The importance of the various NOX homologues for vascular function is still an open question. This present study showed that endothelial cells express at least four of the five known NOX homologues as we could show that these cells express in addition to NOX2 and NOX4 also NOX1 and NOX5, and that coexpression of various NOX proteins in one single cell can take place. However, the contribution of NOX1 to endothelial basal ROS generation and proliferation seems to be limited. Still, NOX1 could be important under specific conditions of endothelial cell activation, the elucidation of which needs further investigations.
The other NOX homologues NOX2, NOX4 and NOX5 contribute equally to basal endothelial ROS generation, proliferation and angiogenesis. There are differences in the intracellular localization of the NOX homologues in endothelial cells. NOX2, NOX4 and NOX5 are mainly localized in the ER, but NOX2 is also partially localized to the plasma membrane while the precise localization of NOX1 is still unclear. Stress factors such as thrombin and ER-stress are able to induce ROS generation. Here we showed that thrombin induces NOX2 and NOX5 expression and that NOX2 and NOX5 contribute to endothelial ROS generation, proliferation and angiogenesis upon thrombin stimulation. Differences in the fine tuning of NOX2 and NOX5 activation could be relevant and the exact role of ROS generation by either NOX2 or NOX5 is still not precisely known. However, these novel findings mark NOX2, NOX5 as well as ROS in general as novel targets for antithrombotic research in the future.

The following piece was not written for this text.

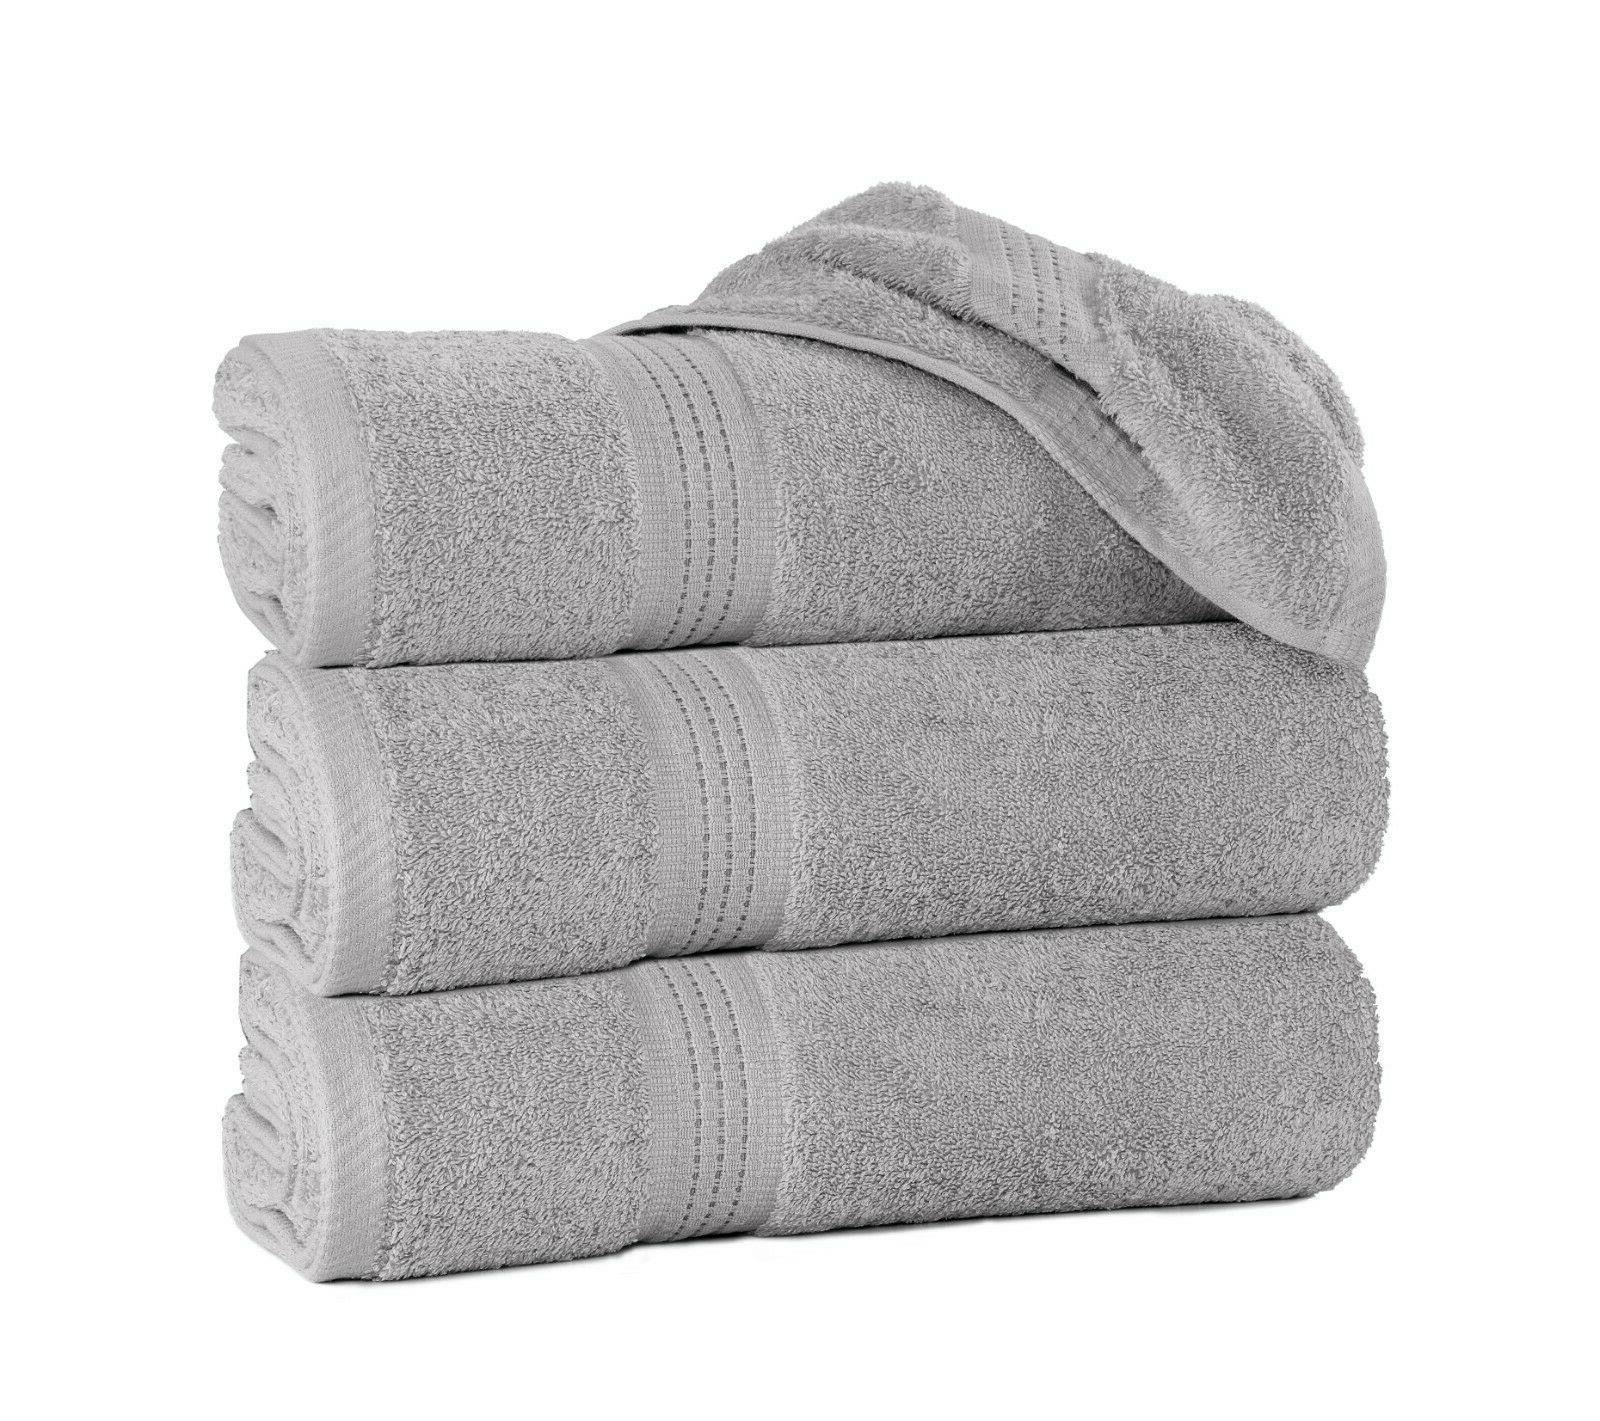 """Large Bath Towel Sets Sheets 100% Cotton 27""""x55"""" 500 Absorbent"""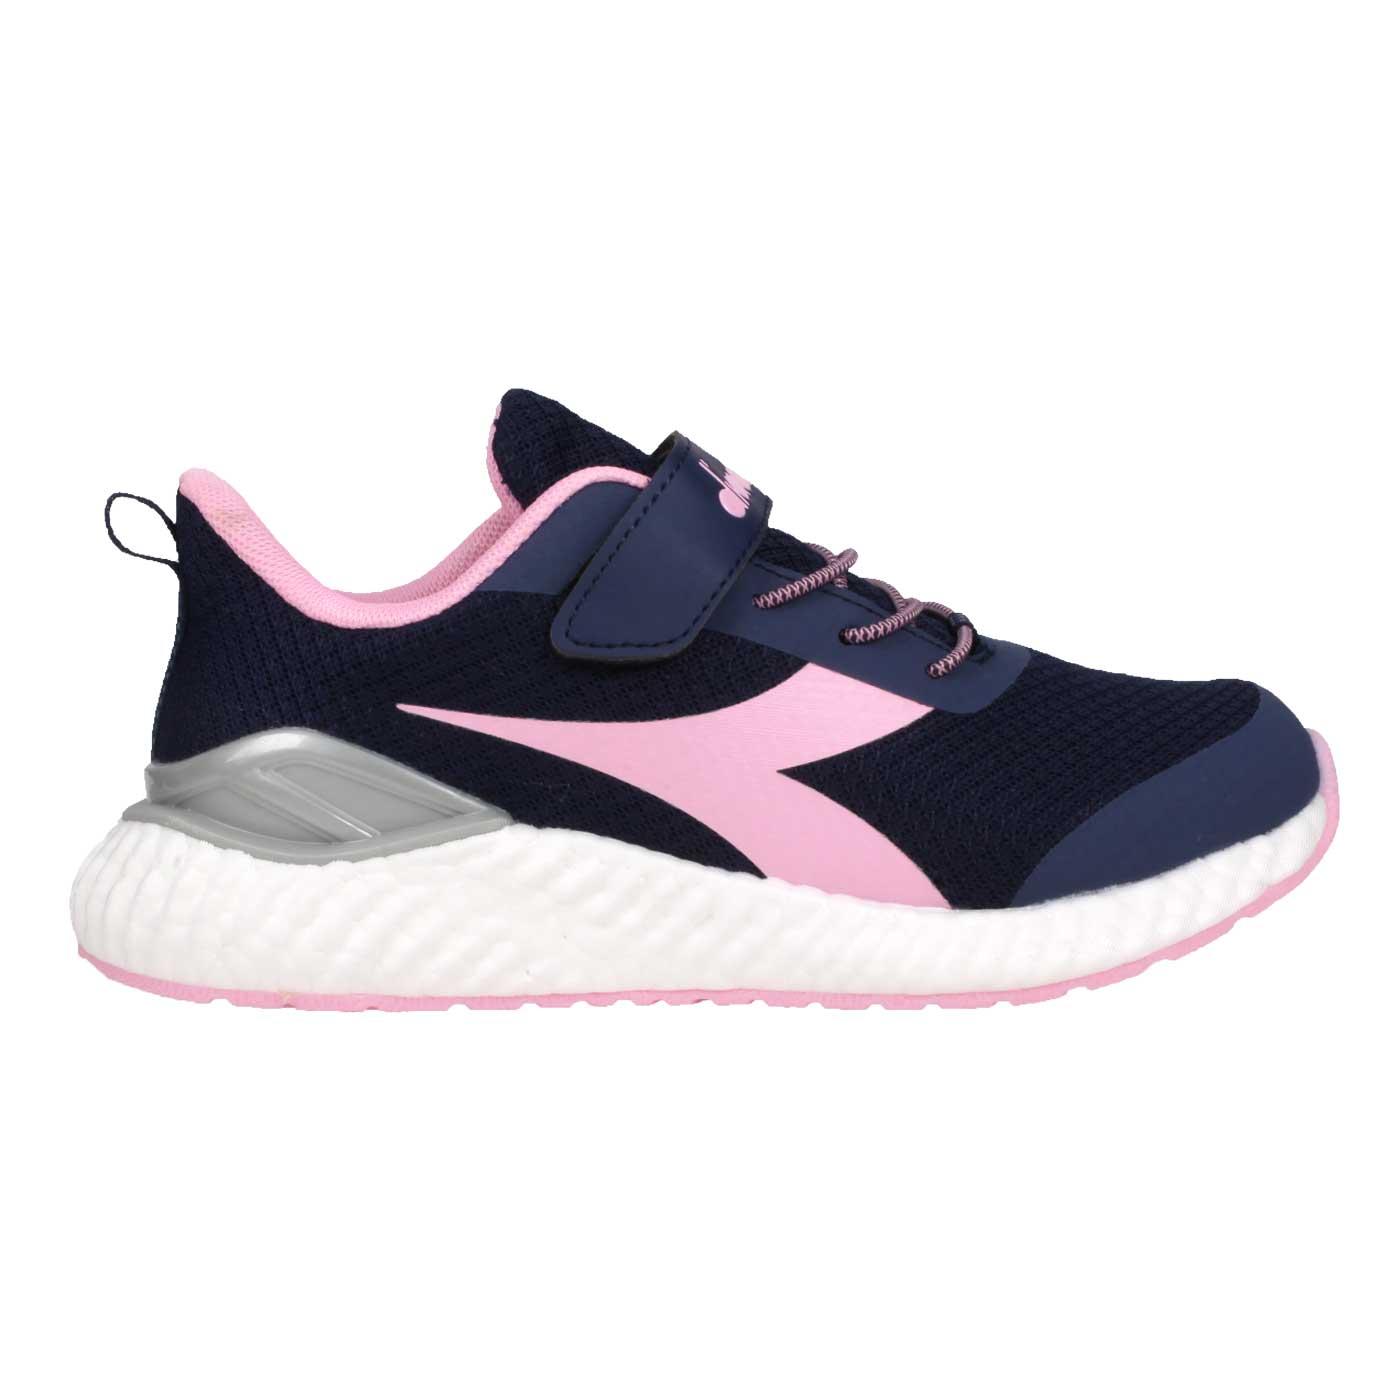 DIADORA 大童運動慢跑鞋 DA13019 - 丈青粉

Furthermore, the identification of calcium-dependent and –independent NOX5 variants in endothelial cells is a novel finding. However, activation and embedment of NOX5 in calcium-related pathways remains still unclear and constitutes a promising topic for future research.
The present study also shows for the first time that p22phox, which is required for the function of most NOX homologues except NOX5, is induced by ER-stress, and that the UPR genes ATF4 and XBP1 enhance ROS generation by upregulating p22phox. Although, little is known about the involvement of NADPH oxidases in the UPR, these findings suggest that NADPH oxidases may play a role in the this stress response. In summary, the results of this study reveal new insights in the role of ROS and novel NADPH oxidases in endothelial cells under basal and stress conditions which can serve as new background for further research in this field.
5 Summary
Increased levels of reactive oxygen species (ROS) contribute to vascular diseases like pulmonary hypertension and atherosclerosis. Although a NOX2-containing NADPH oxidase similar to the neutrophil one has been described to be active in endothelial cells, the contribution of newly discovered NOX homologues (NOX1- NOX5) was still unclear. Therefore, the overall aim of this study was to better characterize the expression, regulation and function of NOX homologues in different endothelial cell models.
First, we could demonstrate the presence of NOX1, NOX2, NOX4, NOX5 including NOX5S as well as p22phox mRNA and protein levels in Ea.Hy926 or HMEC-1 cells. Furthermore, NOX5 protein was also present in endothelial and smooth muscle cells in the vascular wall of spleen and lung tissue. We found that NOX2, NOX4 and NOX5 were present in an intracellular perinuclear compartment, whereby NOX2 and NOX4 could be localized simultaneously in one cell. NOX2, NOX4, NOX5 were able to interact with p22phox and overexpression of NOX2, NOX4 and NOX5 increased ROS generation, although NOX5-dependent ROS generation did not require the presence of p22phox. NOX2, NOX4 and NOX5 also increased endothelial proliferation while depletion of NOX2, NOX4 and NOX5 decreased ROS generation, proliferation and tube forming ability indicating angiogenic activity under basal conditions. NOX2- and NOX4-induced proliferation was mediated by p38 MAP kinase.
Although NOX1 expression as well as the expression of its regulatory subunits NOXO1 and NOXA1 was detectable in endothelial cells, depletion of NOX1 did not significantly affect basal ROS generation or proliferation of endothelial cells.
Second, we could demonstrate the upregulation of NOX2, NOX5 and NOX5S after thrombin stimulation in endothelial cells and the modulation of p22phox expression in an ATF4- and XBP1-dependent manner under ER-stress conditions. Cellular stress either by thrombin or UPR also induced ROS generation of endothelial cells. In addition, thrombin induced proliferation and enhanced the tube forming ability of endothelial cells. Thrombin-induced ROS generation, proliferation and tube forming ability were diminished by silencing NOX2 or NOX5, whereas UPR induced ROS generation was inhibited by silencing p22phox as well as by silencing ATF4 or XBP1. In summary, this work provides evidence that in endothelial cells, NOX2, NOX4 and NOX5, but not NOX1, contribute to basal ROS generation, proliferation and angiogenesis and that the NOX proteins NOX2 and NOX5 as well as p22phox play an important role in the response to thrombin and ER-stress providing new insights in endothelial function and redox signaling.